All businesses have a supply chain, no matter what size of business you are. As businesses grow, their supply chain is likely to grow even further. Just think about any company supplied device you have and the amount of applications and services installed on it… they soon add up!
So, what’s the issue?
Outsourcing comes at a cost
It’s good being able to outsource things, especially when there are lots of vendors and a competitive market on a range of services provided. Whether it’s your endpoint security, payroll or software development for example, it’s not always possible to have a solution to everything in house.
The problem is: the bigger your supply chain, the greater your risk exposure.
Take for instance if your business uses an outsourced HR service. Yes, it has its benefits with having a neutral third party to resolve any potential issues, and less resourcing needed internally in both personnel and equipment. However, you’re supplying the third party with all your employees’ personal data. You need to consider: do you trust the third party’s security with storing and handling that information? Imagine they have a security incident and employee data is leaked; what would the consequences be for your employees and what impact would this have on your business?
A recent example is the MOVEit vulnerability. Professional services providers, Aon and Zellis, were victims of the attack triggering cyber attacks on their clients who they hold data for. In this, companies such as British Airways and Boots respectively were affected, with data relating to their employees being leaked and asked for ransom to avoid the data being leaked.
So, there are a few key questions you need to know the answers to:
- Who are your suppliers?
- What data do you share with them?
- What processes do you have in place to reduce risk exposure to third party attacks?
Know your supply chain
If you’re a big company, I expect it can become an extensive list of third party suppliers. The way to look at it is that all your suppliers have the ability to provide a backdoor or channel into your company. Maybe not always in the literal sense, but in the way that their lack or ineffectiveness of security can lead to some kind of disruption or damage to your business.
Therefore, it’s important to know who your suppliers are, and more importantly, who the critical ones are.
Think about what’s critical to your business operating. If that’s the availability of your operations, you might want to consider the software applications you use. It only takes one third party to be subject to an attack inserting malicious code into software and, on install of the latest software update, it could be introduced into your network. What will be the consequences: could you be held to ransom? To what capacity can you still operate? Mapping your supply chain back to your critical operations will help you to shortlist those that are your critical suppliers.
Sharing data leads to greater risk
Is data shared with your third party suppliers? If not, then it already begins to reduce your risk. However, in today’s interconnected world, it is unrealistic to reduce your data sharing down to zero.
There are many cases where you might be sharing personal data. If you’re using a HR or payroll service, or a CRM, then that may be your employee or customer data. This means the risk of consequences grows. These may bring legal challenges, regulatory fines and embarrassing reporting leading to damaged reputation.

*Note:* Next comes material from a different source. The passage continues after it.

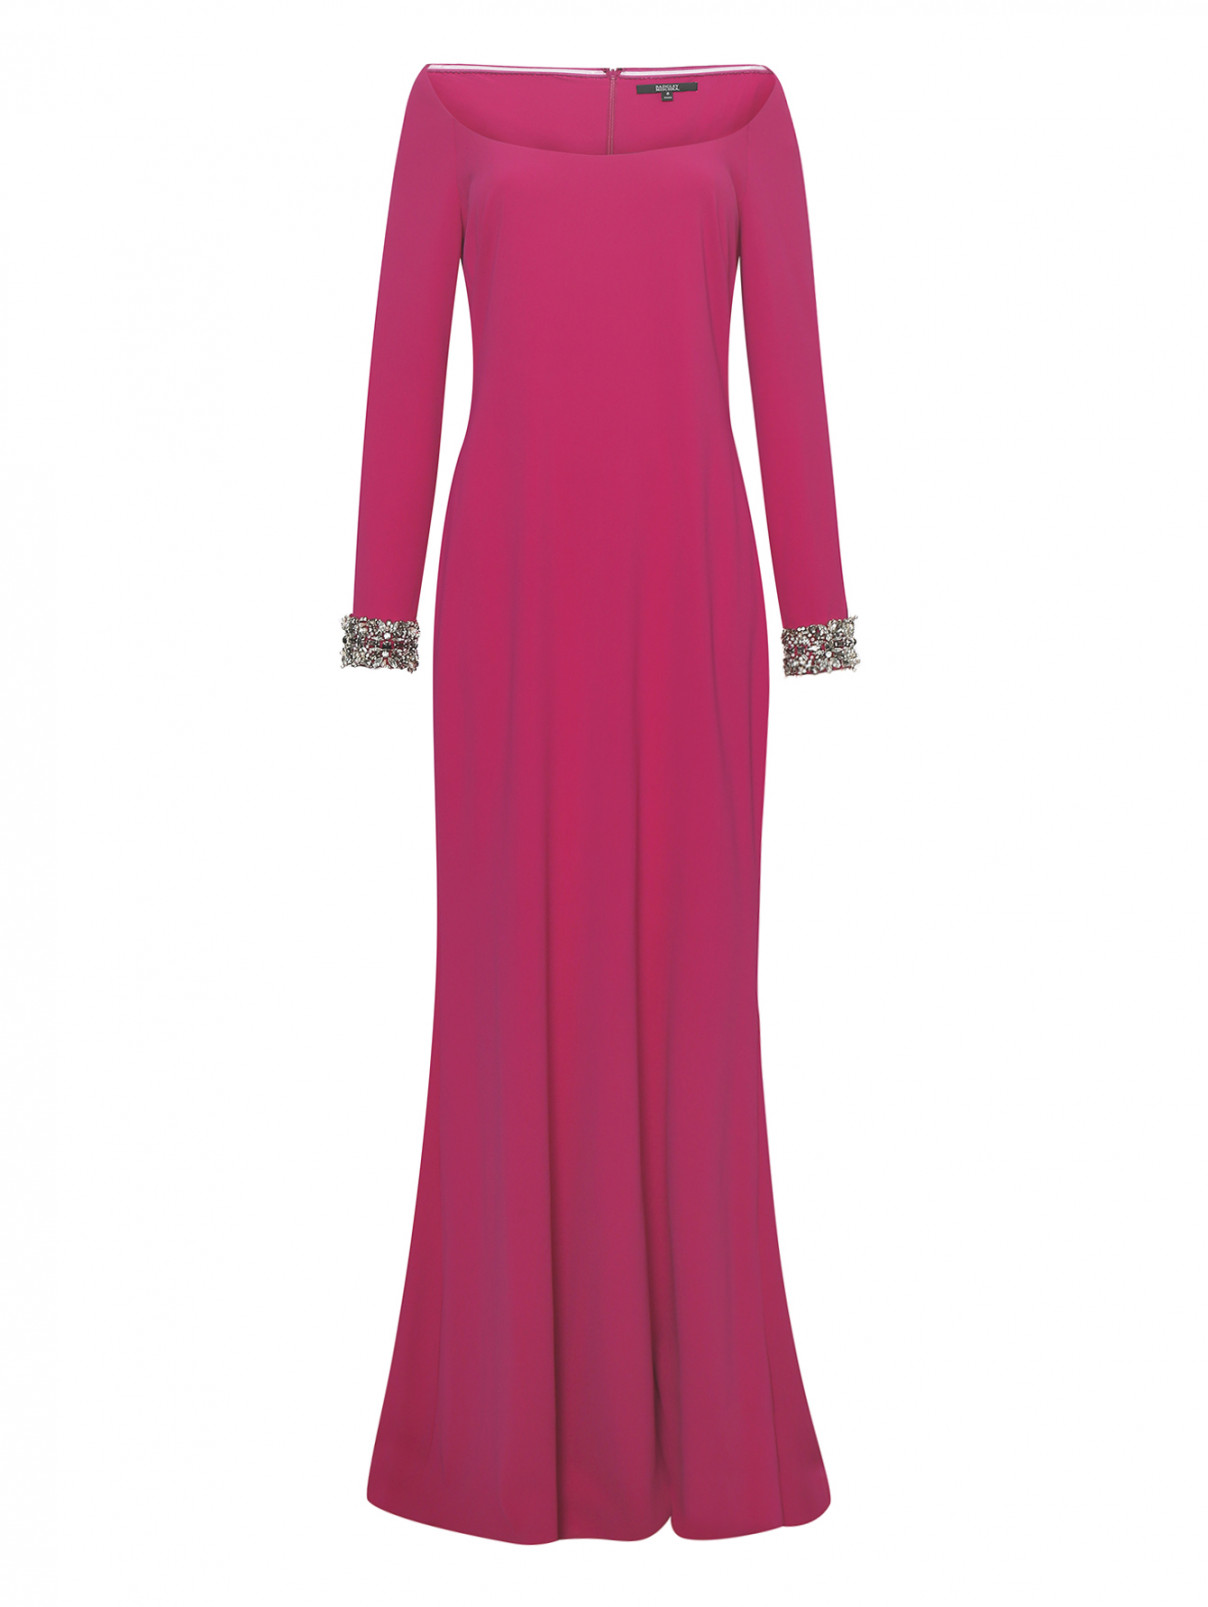 Платье в пол с открытыми плечами и декором стразами Badgley Mischka  –  Общий вид  – Цвет:  Фиолетовый

Another thing to think about is whether you’re sharing any data that is considered your organisation’s IP. Imagine there’s a cyber attack and an attacker is able to use that to their advantage, such as extracting and selling that on to one of your competitors. It’s worth considering how that may affect your business and the market you operate in - and put in further safeguards to protect it if it’s critical.
Safeguards to reduce exposure
Procurement processes are a good place to start. A survey conducted in 2022 by the government found that only 13% of businesses assess risks posed by their critical suppliers and cyber security did not play a significant role in the procurement process. It goes to show that there is not enough emphasis on how important it is to set expectations with suppliers.
There are different ways to go about this and it depends on how critical the supplier is and what they are doing for you or storing. One way is to contractually expect that the supplier has a formal cyber security certification, for example, Cyber Essentials or ISO 27001. Another is to specify bespoke requirements for the supplier to meet. And, to go one step further, to specify bespoke requirements… but also audit them against the requirements.
Something is always better than nothing, but ensuring a supplier is meeting requirements and not just relying on them meeting those by hearsay is important.
Knowing named security contacts for your suppliers is also useful. In the instance of cyber incidents, you’ll be able to identify who you need to specifically contact at your suppliers and this will help you reduce response time and react quicker to any incidents.
There’s always going to be some risk involved
Compliance with standards and frameworks put an emphasis on supply chain management. That’s no surprise, given it’s unrealistic to have no suppliers and outsource nothing at all. It’s a good reminder that if it’s referenced in places like ISO 27001 and CIS Critical Security Controls, it should prompt you as best practice to implement recommended safeguards to reduce the exposure.
Even though there’s always going to be some risk, it’s how you understand and manage it and your supply chain, by applying the right precautions and controls, that makes a difference.